**Input data:**
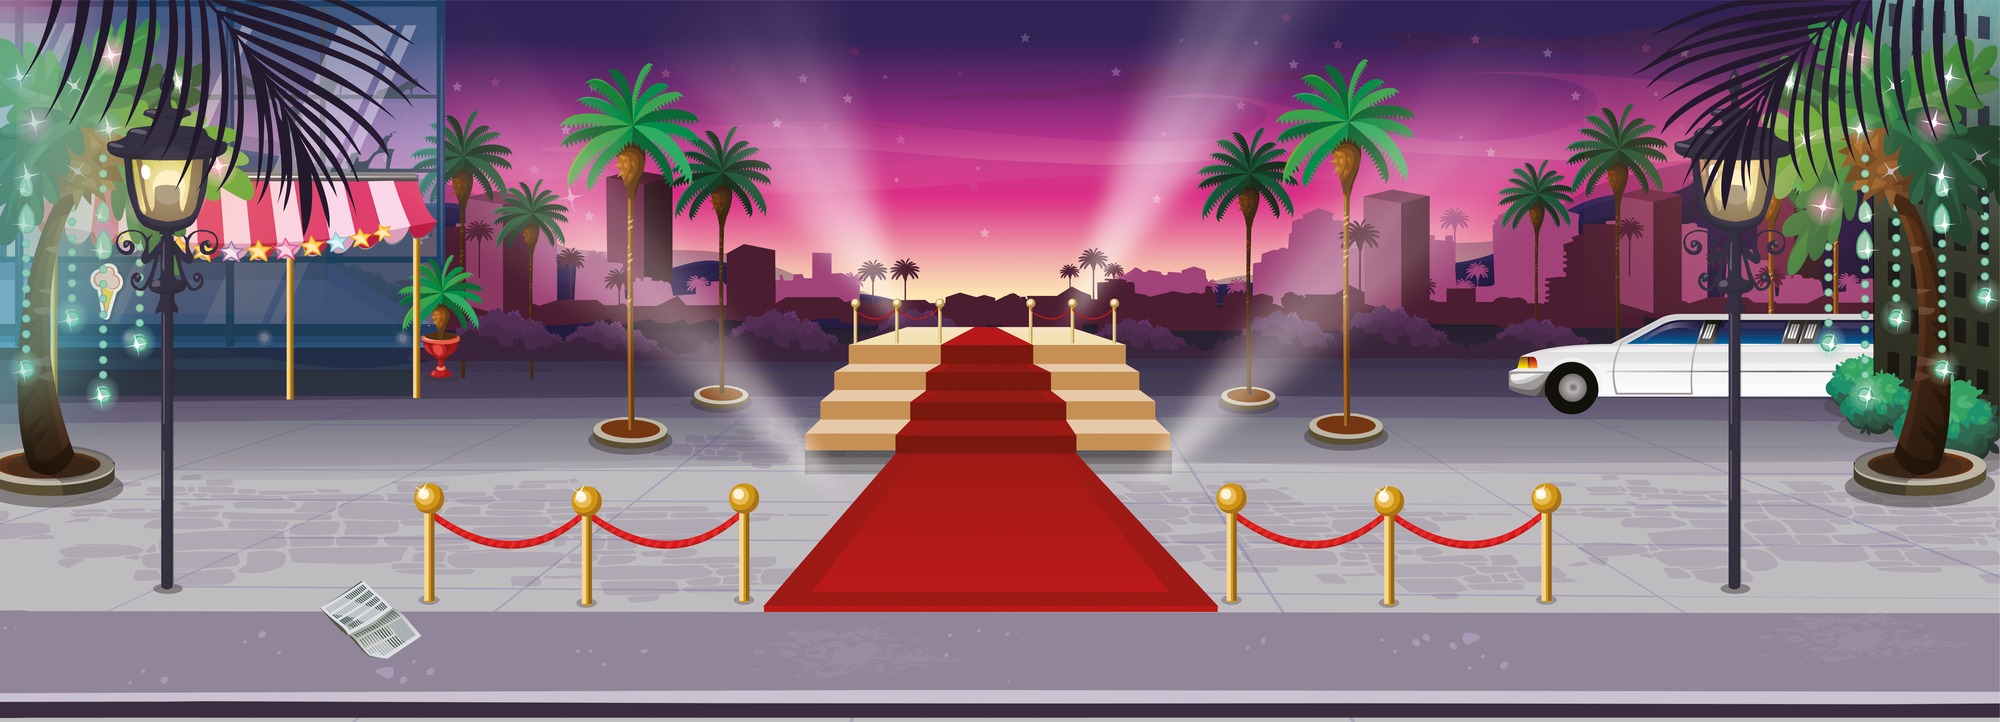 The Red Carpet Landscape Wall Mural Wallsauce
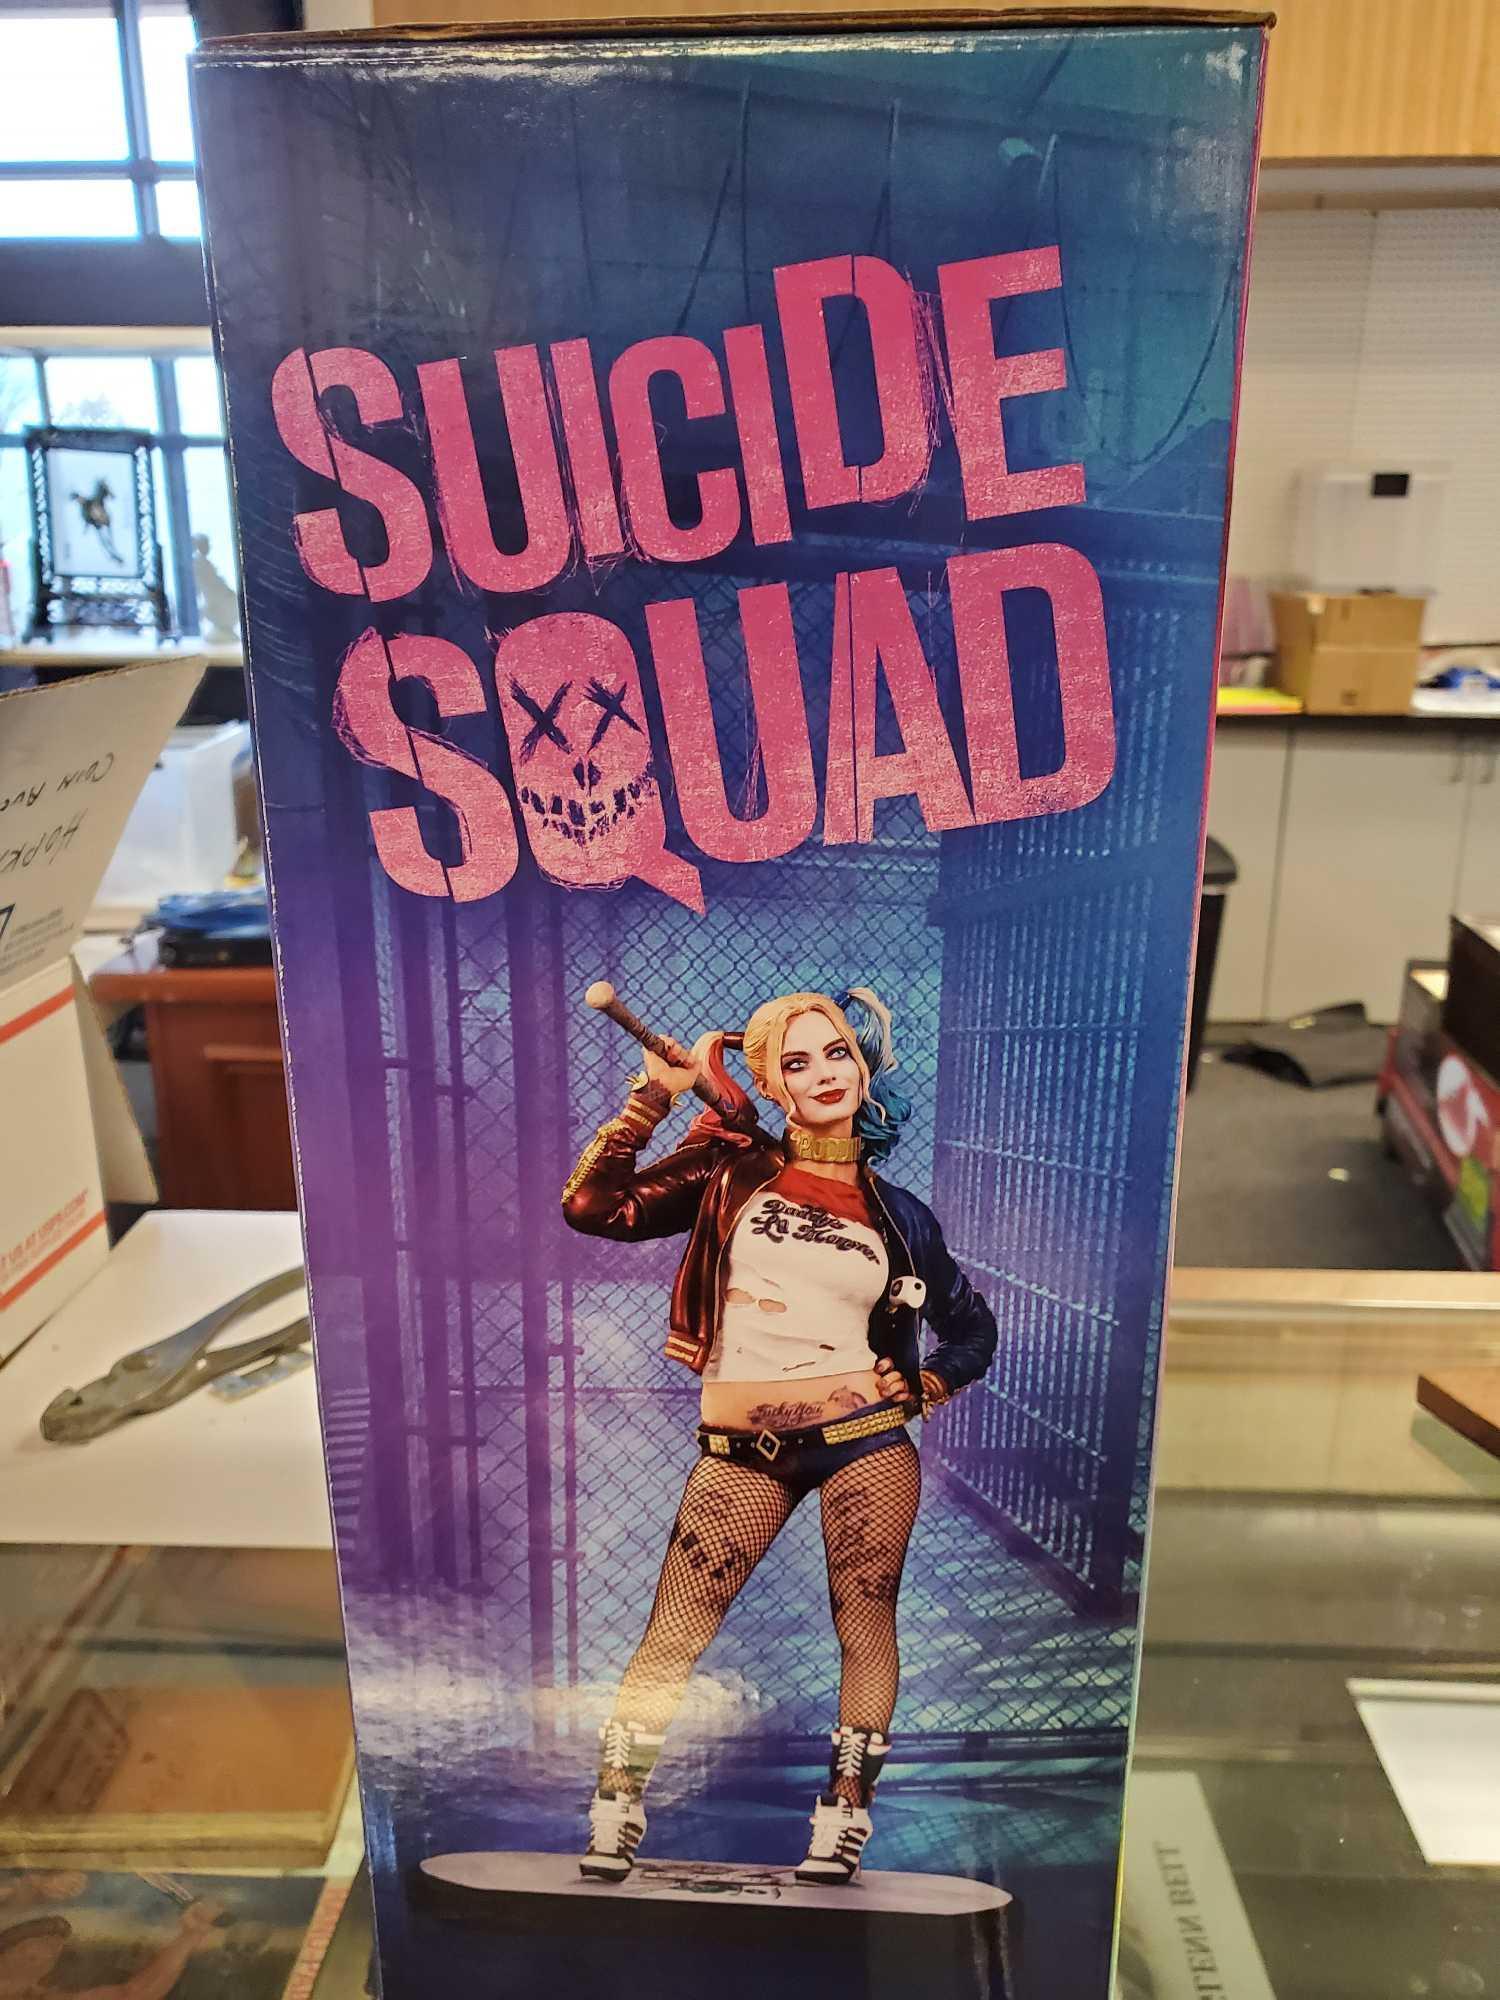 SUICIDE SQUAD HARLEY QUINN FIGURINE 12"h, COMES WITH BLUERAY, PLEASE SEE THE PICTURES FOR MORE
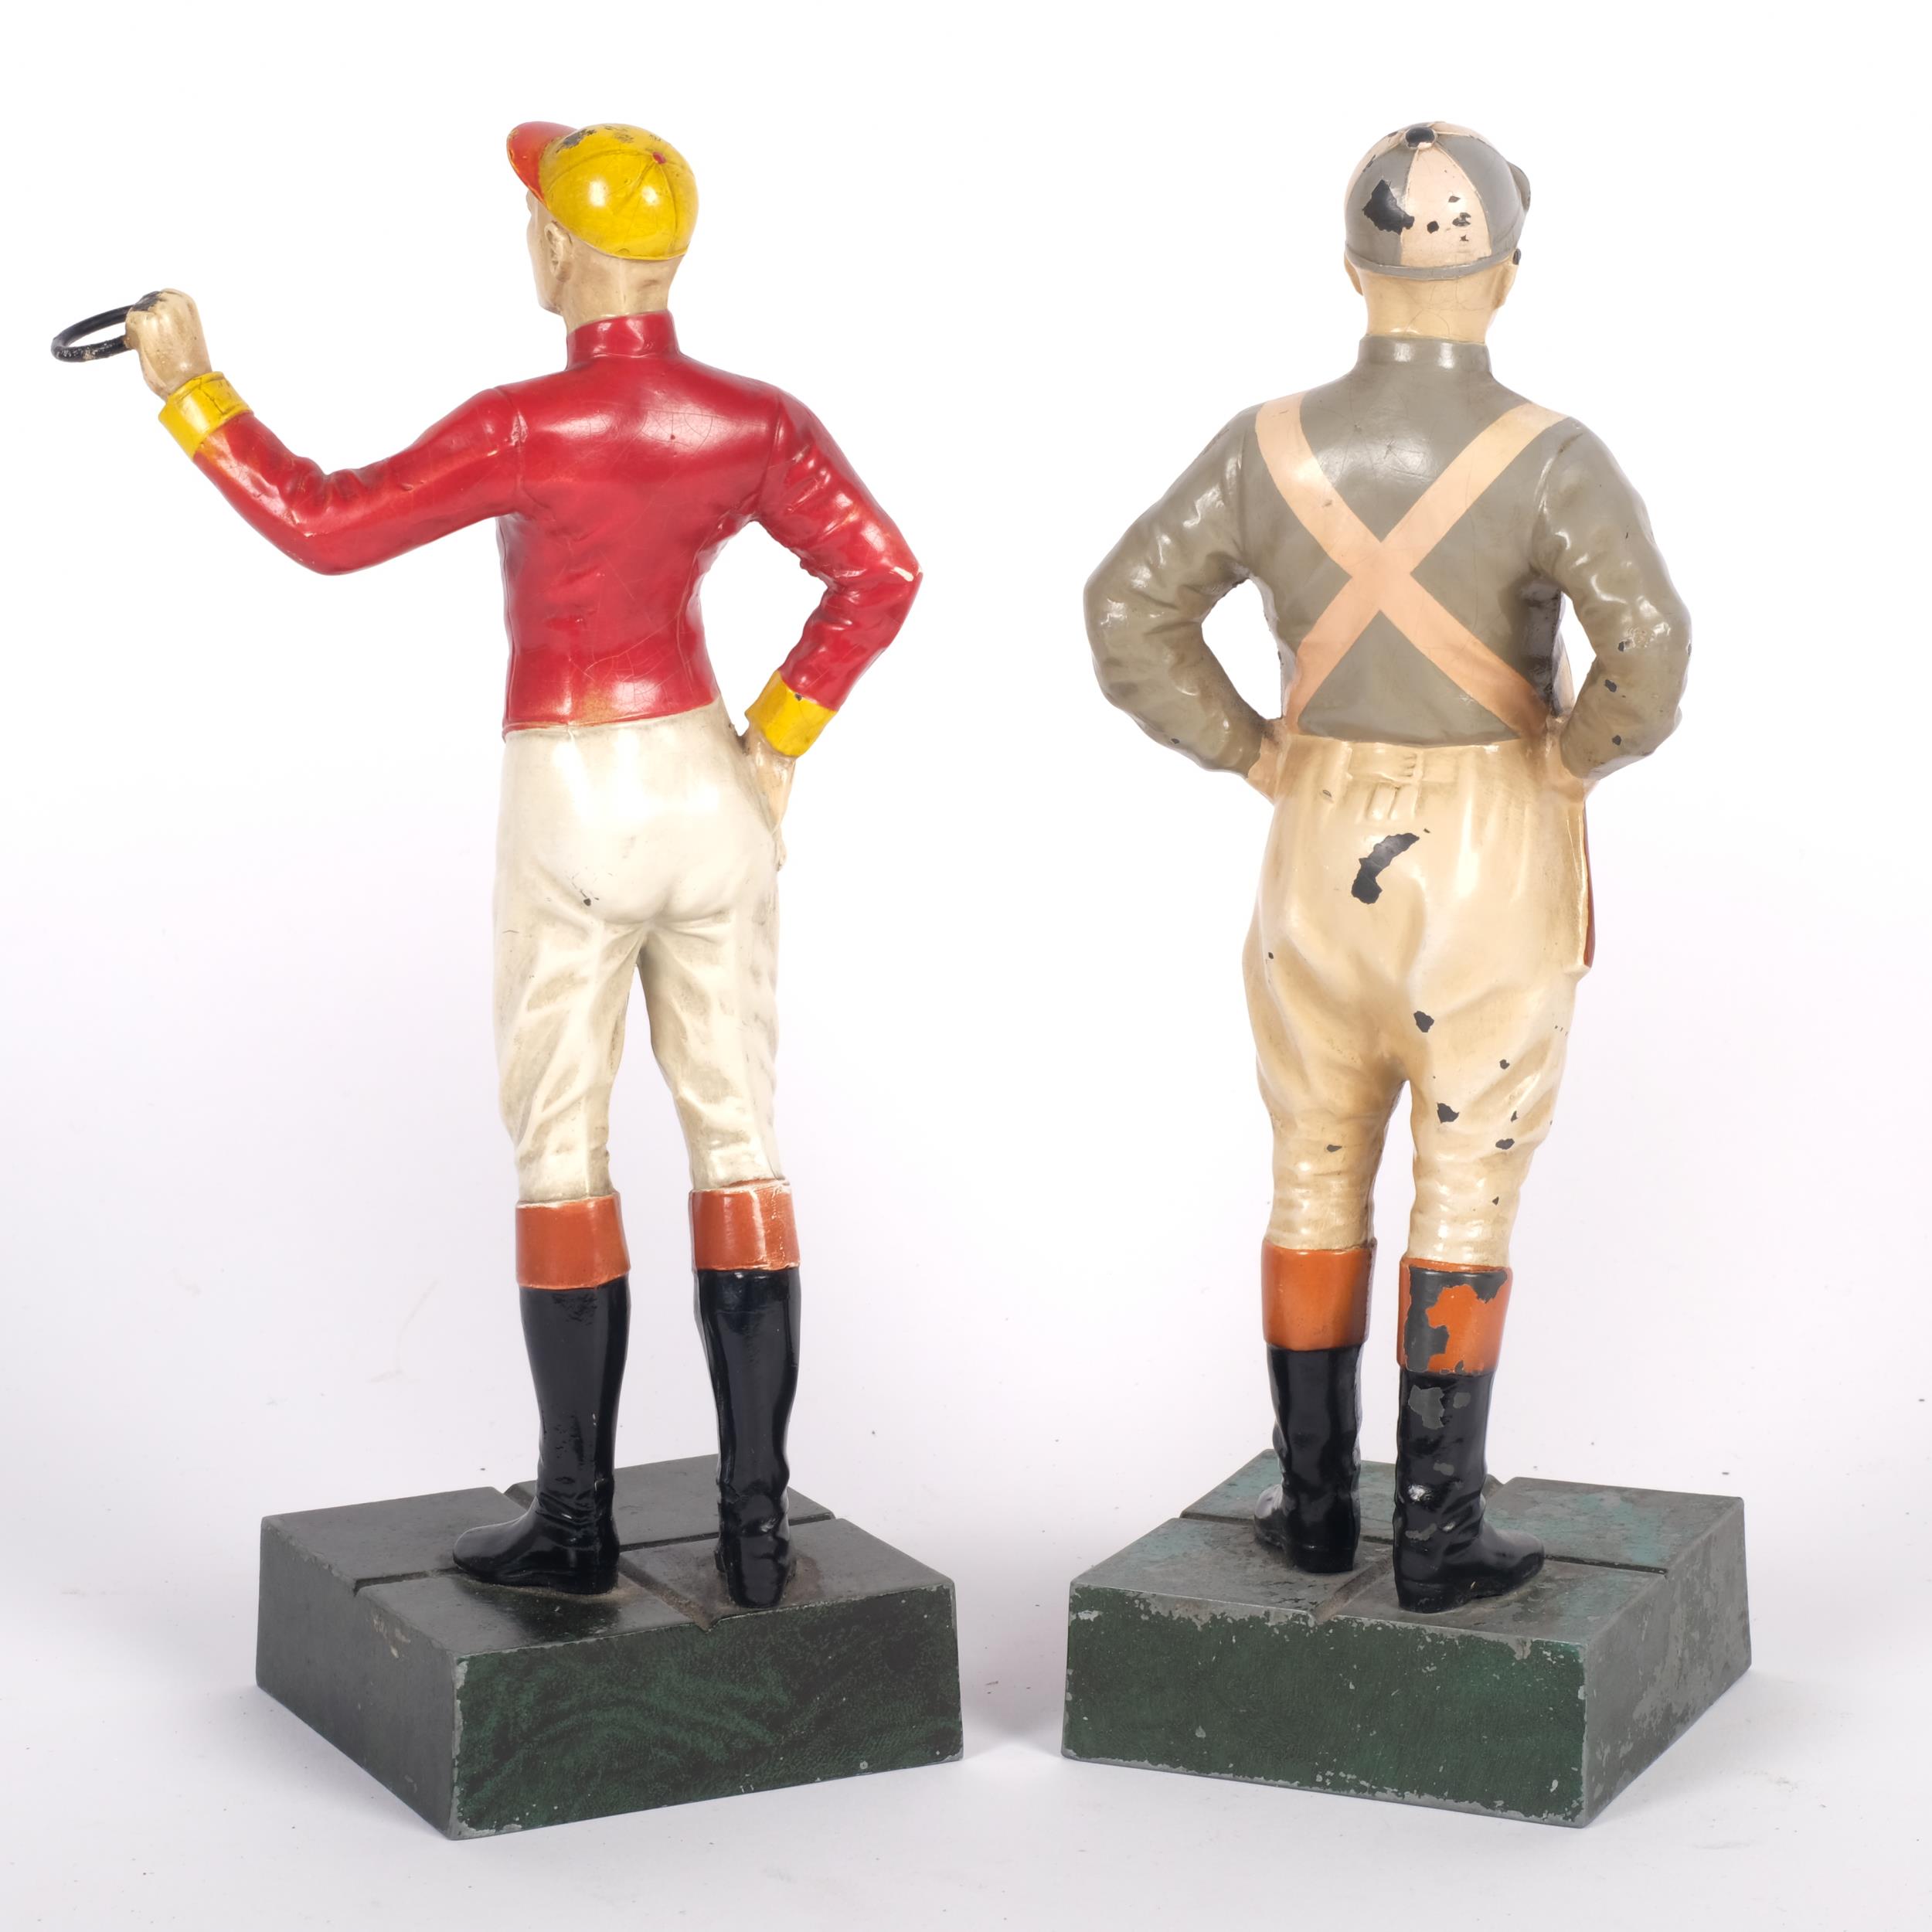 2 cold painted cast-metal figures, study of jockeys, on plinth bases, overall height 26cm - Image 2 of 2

**Exercise prompt:** From the line holding "SUICIDE SQUAD HARLEY" to the final line of the data above, give each line again exactly, both ends included, and drop the pictures.

**Exercise solution:**
 SUICIDE SQUAD HARLEY QUINN FIGURINE 12"h, COMES WITH BLUERAY, PLEASE SEE THE PICTURES FOR MORE
 2 cold painted cast-metal figures, study of jockeys, on plinth bases, overall height 26cm - Image 2 of 2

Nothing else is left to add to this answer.